The one business thing the bothers me is their pricing model. It’s based on the number of hosts. As the product is based on processes, there’s no set number of processes per host. In addition, they mentioned shared hosting, places such as AWS, where hosts may be shared by multiple of NuoDB’s customers or where load balancing might take your processes and have them on one host one day and multiple hosts the next.

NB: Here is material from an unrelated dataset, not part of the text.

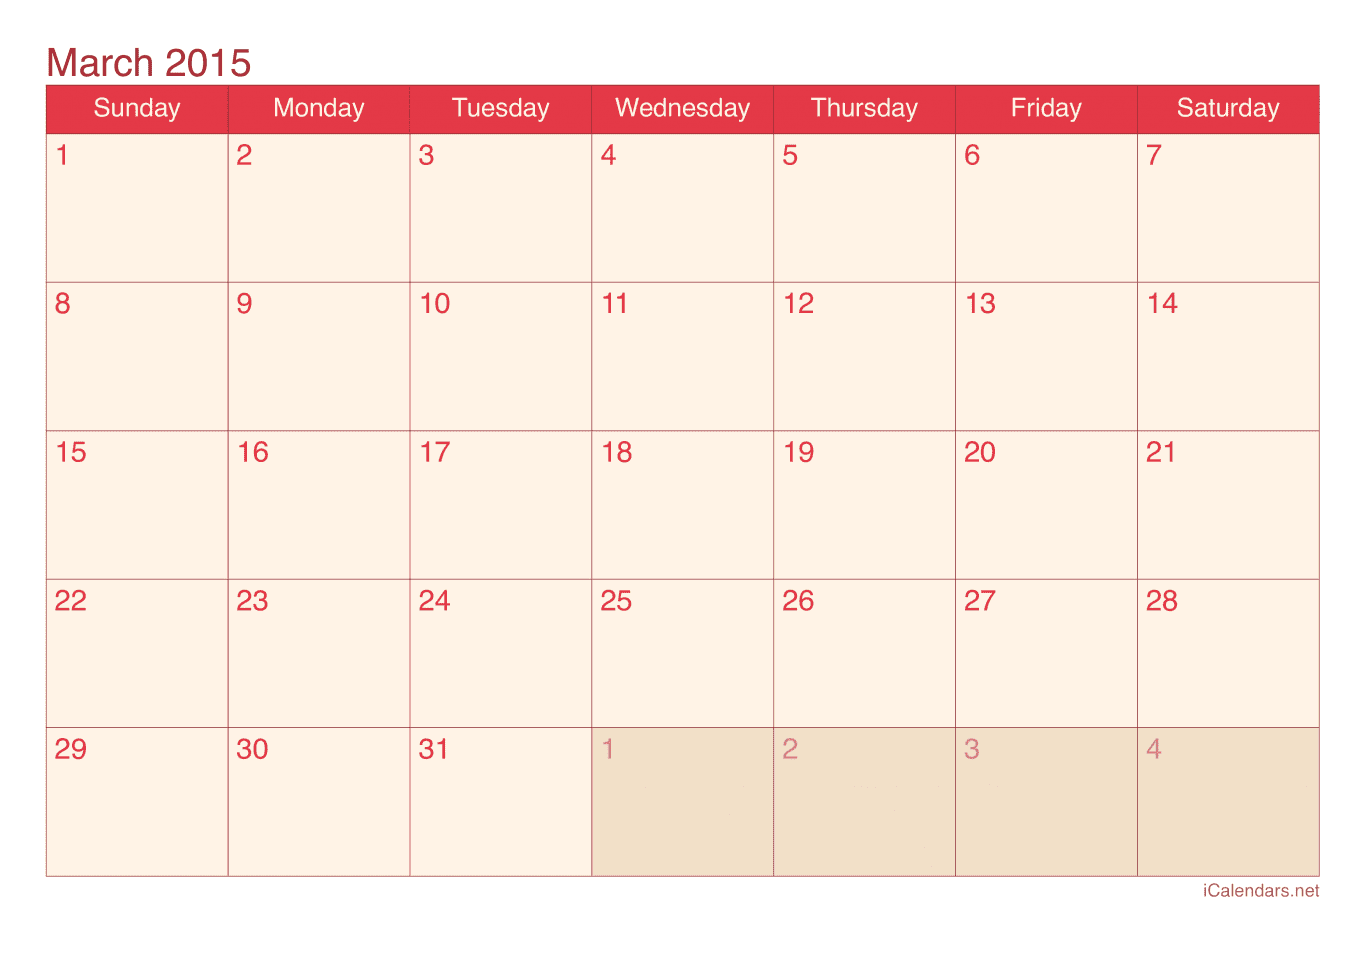 2015 March Calendar - Cherry

Host base pricing seems to be a remnant of on-premises database systems that Cloud vendors claim to be leaving. In a distributed, internet based setup, who cares how big the host is, where the host is, or anything else about the host? The work the customer cares about is done by the processes, the objects containing the knowledge and expertise of NuoDB, not the servers owned by the hosting firm. I would expect that Cloud companies would move from processors to process.

Summary

NuoDB is a company focused on reinventing the SQL database for the Cloud. They have significant investment from the VC and business markets. However, it would be foolish to think that Oracle, IBM and other existing mainstream RDBMS vendors aren’t working on the same thing. What NuoDB described to the BBBT used most of the right words from the technology front and they’re ramping up their development based on the investments, but it’s too early to say if they understand their own products and markets enough to build a presence for the long term.

They have what looks like very interesting technology but, as I keep repeating in review after review, we know that’s not enough.

Actian at the BBBT: Hadoop Big Data for the Enterprise Mass Market?

In the mid-90s, Sybase rolled out its new database. It was a great leap forward in performance and they pushed it like crazy. Sybase’s claims were justified, but it was a new way to look at databases and Sybase loudly announced how different it was from what people were used to using. Oops. They sold almost none of it and hit a financial wall and they never quite recovered.

That came to mind during yesterday’s BBBT presentation by Actian. Their technology foundation goes back to Ingres and that means they’ve been in the database market a long time. The question is whether or not they’ve learned from past case studies.

The presenters were John Santaferraro, VP of Solution and Product Marketing, and Emma McGrattan, SVP Engineering. They gave a great technical overview of Actian’s offerings. Put simply, they’re providing a platform for Big Data access. At the core is Hadoop, but they’ve taken their deep understanding of RDBMS technology and incorporated SQL access. That clearly opens up two things:

  • Better access to partners for ETL and analytics
  • The ability for the mass of business analysts to get at Hadoop data to more easily perform their jobs.

That’s a great thing and I’ll discuss later whether they’re taking that technology to the right markets. Before that, however, I should point out the main competitive point they repeatedly hit on. TPC benchmarks are public, so they went out and compared themselves to who they consider, rightly, to be their main competition: Cloudera Impala. Their results are seen in the chart below.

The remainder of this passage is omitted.